The participants aren't extreme or professional athletes; this is a vacation itinerary for the moderately to vigorously active, and the mileage and elevation gain can be adjusted for those who want a less ambitious trip. They'll pay more than $2,000 for the experience, meals and lodging included.

It may not sound like the ideal way to enjoy a hard-earned break from the office, but Rich Snodsmith, sales and guest services manager for Backroads, says that several different types of people—with a wide range of fitness and ability—seek out active vacations like this one because of the long-term challenge involved.

"They book a trip in September for March," he says, "and it becomes a goal for them to get in shape."

That stick-and-carrot strategy of building on and improving one's fitness not only provides regular motivation for staying active, it also prevents the diet-and-exercise backsliding that often happens when a vacation consists of lounging at the beach and dining on hotel, restaurant and airport food.

In other words, the trick to using vacation time to get in shape is in planning a trip that requires an already-established level of fitness.

Getting ready
Remarkably, preparing for a cycling trip like the one in Oregon doesn't require months of non-stop training. Last year, for example, Snodsmith says the participants included a young producer from Hollywood who was in shape but hadn't done a lot of riding, a Michigan couple who were "gym fit" and a couple from California who biked often.

Carl Foster, director of the human performance laboratory at the University of Wisconsin-La Crosse, says that it's quite easy to prepare for excursions of this intensity (the added benefit, of course, is that preparing for a specific activity over several months can help improve cardiovascular fitness, muscle strength and body composition). Participants who meet the American College of Sport Medicine's recommendation of 30 minutes of moderate to vigorous activity five days of the week should be able to adapt to anything, he says.

The key is to practice the activity you'll be doing on vacation. While lifting weights will help strengthen the upper body in advance of a kayaking trip, Foster says it's important to complete a few trial runs in a boat to "get the muscles set to fire in a certain way." This applies to other activities with very specific motions, including cycling, backpacking and hiking.

And then there are variables like terrain, altitude, elevation gain and mileage.
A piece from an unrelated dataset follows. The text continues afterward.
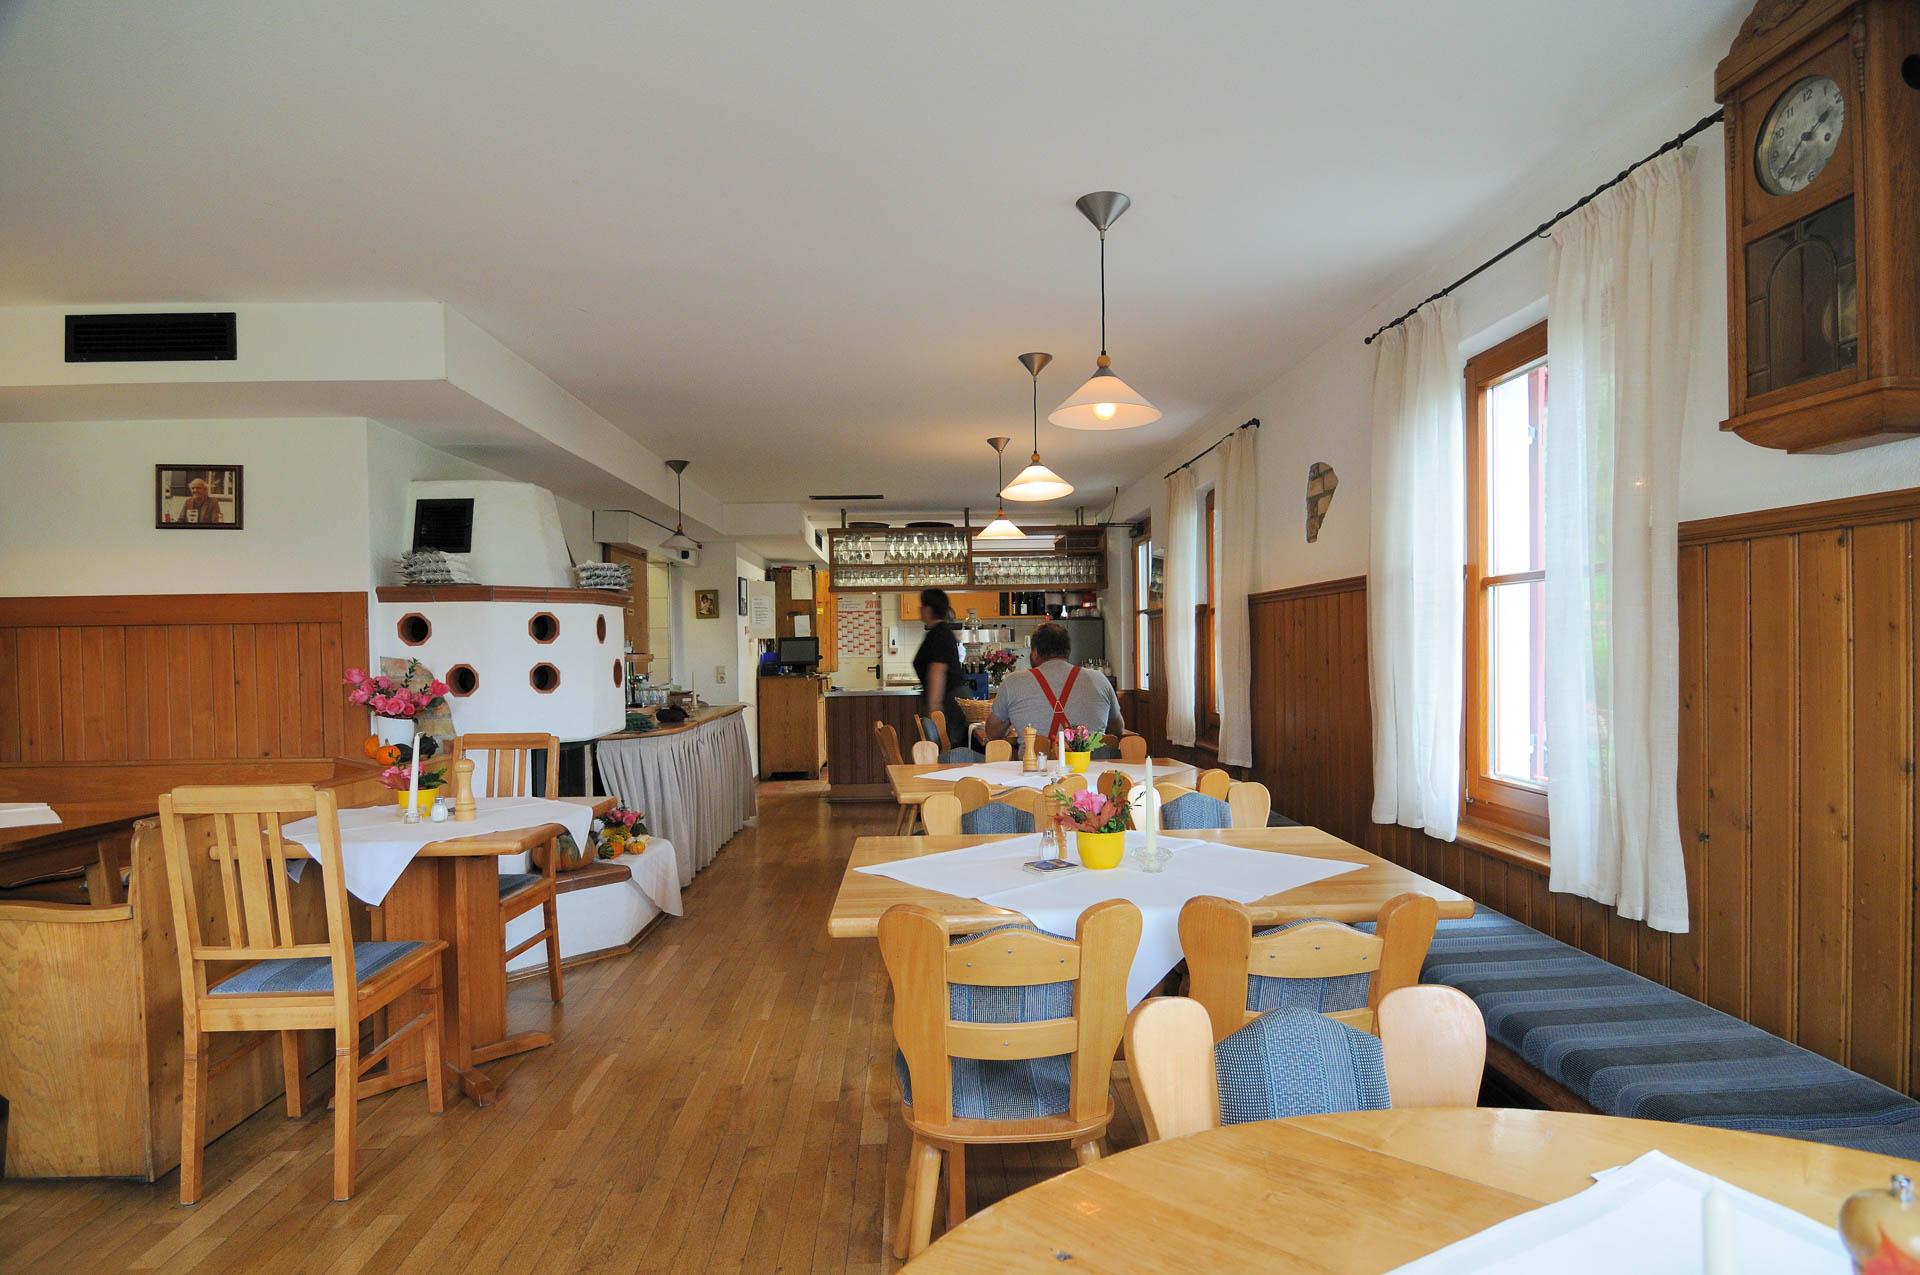 Der Kachelofen im Restaurant des Gasthaus Seerose in Nitzenweiler bei Kressbronn am Bodensee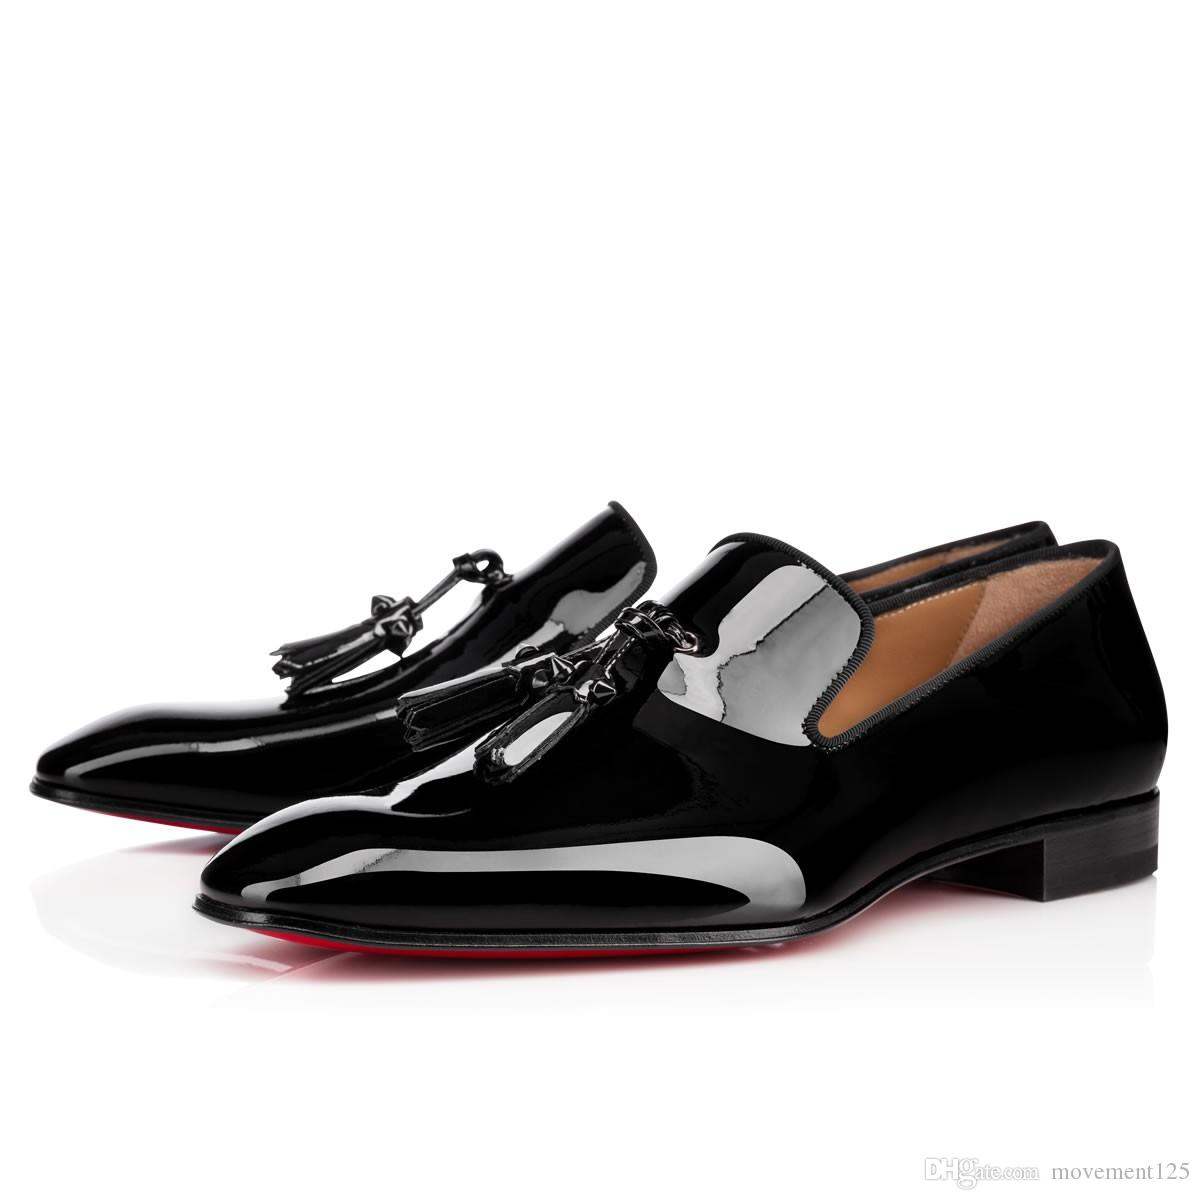 زلة الحزب الجديد فستان الزفاف في أحذية بدون كعب للأحذية الرجل الهندباء الشرابة حذاء رياضة أحمر أسفل أكسفورد أحذية الرجال الفاخرة والترفيه شقة

If your trip covers rugged, steep terrain, mimicking those same conditions in advance will help the body prepare.

Just remember, some active vacations require more time for training than others. Though 30 minutes of daily moderate to vigorous exercise is a good benchmark, those attempting to spend several hours exercising each day during the vacation should work up to such a goal.

To prepare for a six-hour hike, for instance, Foster recommends consecutively increasing the mileage or duration prior to the trip. The first hike might be one hour, a second the following week would be two hours and so on. Even getting to 50  of the load—three hours, in this case—would provide an excellent foundation.

Enjoying the benefits
While exercise performed over the course of an active vacation may temporarily boost fitness, the effects are minimal compared to the benefits of regular and long-term exercise.

For example, a sedentary person who becomes a jogger, Foster explains, will improve his or her oxygen uptake by 20 percent over six months. But this metric is slow to change and won't shift after four days of hard exertion alone.

Trent Hargens, an associate coordinator of clinical exercise physiology at Ball State University, says the benefits of long-term exercise are well known. They include helping the body control blood pressure and blood sugar, which mitigates heart-disease risk factors.

In light of those invaluable benefits (and the pride that accompanies completing an arduous physical challenge), an active vacation can become an ideal way to spend your time off.

Though the participants who finished the Oregon cycling trip may have returned with sore legs, they also had success stories.

"For a lot of them," says Snodsmith, "their rides were personal bests."